Julia Kerninon, A Respectable Occupation,
Trans.by Ruth Diver, Les Fugitives, 2020.
Read ‘Whats on Julia Kerninon’s Bookshelf?’ in Albertine
‘The best early training for a writer is an unhappy childhood,’ Hemingway famously said. Julia Kerninon, one of France’s most acclaimed young novelists, tells an altogether different story in a poetic account of her pursuit. Her journey through her formative years entwines the French and Anglo-Saxon literary traditions, resulting in a vibrant ode to reading, and to writing as a space for discovery (as well as a ‘respectable occupation’), peppered with fine portraits of her disjointed yet loving family. From her native Brittany to the city of Shakespeare and Company, to a seaside café on the Atlantic coast, to Budapest and back, the author conjures a fluid, feminine answer to A Moveable Feast.
'Borne along by Kerninon’s long, joyful sentences (nimbly translated by Ruth Diver), it’s a winning account of her journey from reader to writer.' — Francesca Carington, Tatler
'A female manifesto for a writer’s life (...) a lyrical reminder of the hard (and indeed often unrelated) work it takes to be a wordsmith, which is justified daily in the joy of putting pen to paper and writing book after book.' — Mia Colleran, The Irish Times
‘Marvellously contagious’ — Le Point
‘Julia Kerninon lays down sentences as definitive as dictums, impresses with her maturity of style and command of narrative. The reader plunges in, with the same voraciousness she puts into her writing.’ — ELLE (France)

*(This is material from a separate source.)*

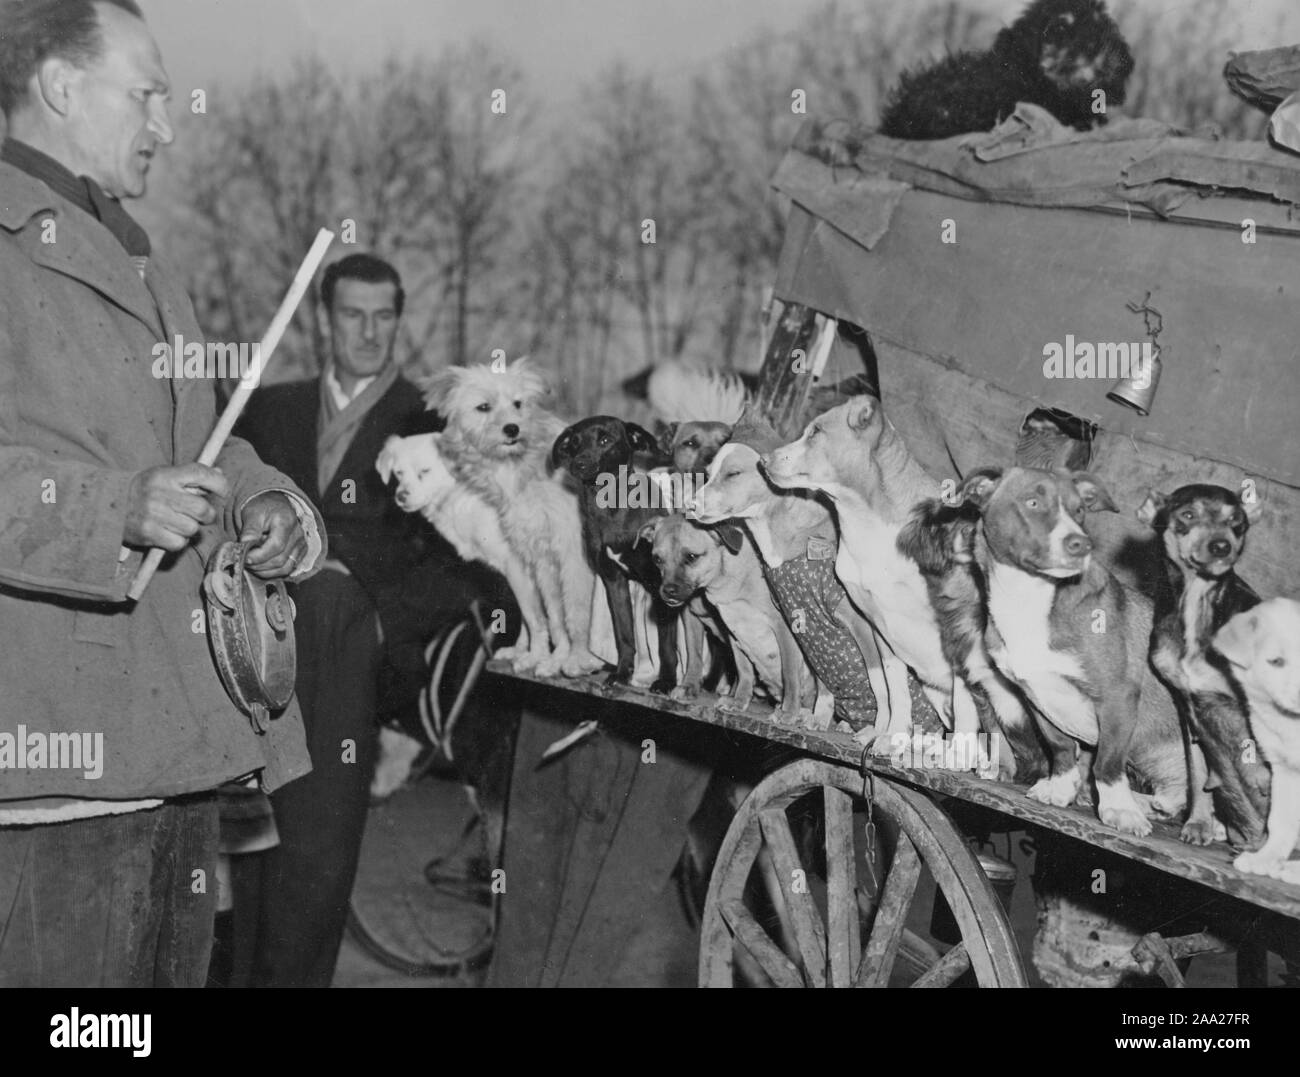 Entraîneur de chien avec ses chiens. L'italien Rodolfo était célèbre dresseur de chiens et est photographié ici avec ses douze chiens assis sur une ligne. Rodolfo était auparavant propriétaire d'un cirque, mais pour le moment, 1949 il n'avait que ses chiens à gauche. Rome Italie 1949 Banque D'Images

‘The greatest writers are also the greatest readers. Virginia
Woolf, Roland Barthes, Jeanette Winterson – they all read, as Woolf
put it, ‘to refresh and exercise [their] own creative powers.’
They can’t stop themselves from writing about reading. They have
origin stories of how reading and writing became as necessary as
breathing. Julia Kerninon’s A Respectable Occupation joins the
shelf of these biblioautobiographies; books on how writers crave
books, how books beget books, how tricky it is to move from the
position of the reader to that of the writer, and stand there feeling
you’ve earned the right to call yourself, finally, a writer.’ –
Lauren Elkin
The daughter of a pair of bohemian bookworms, Kerninon grew upto share their bibliomania and decided, aged five and a half, she would become a writer. Opening with a pilgrimage to the legendary Paris bookshop Shakespeare & Co, her story entwines the French and Anglo-Saxon literary traditions, while sketching fine portraits of a disjointed yet most loving family.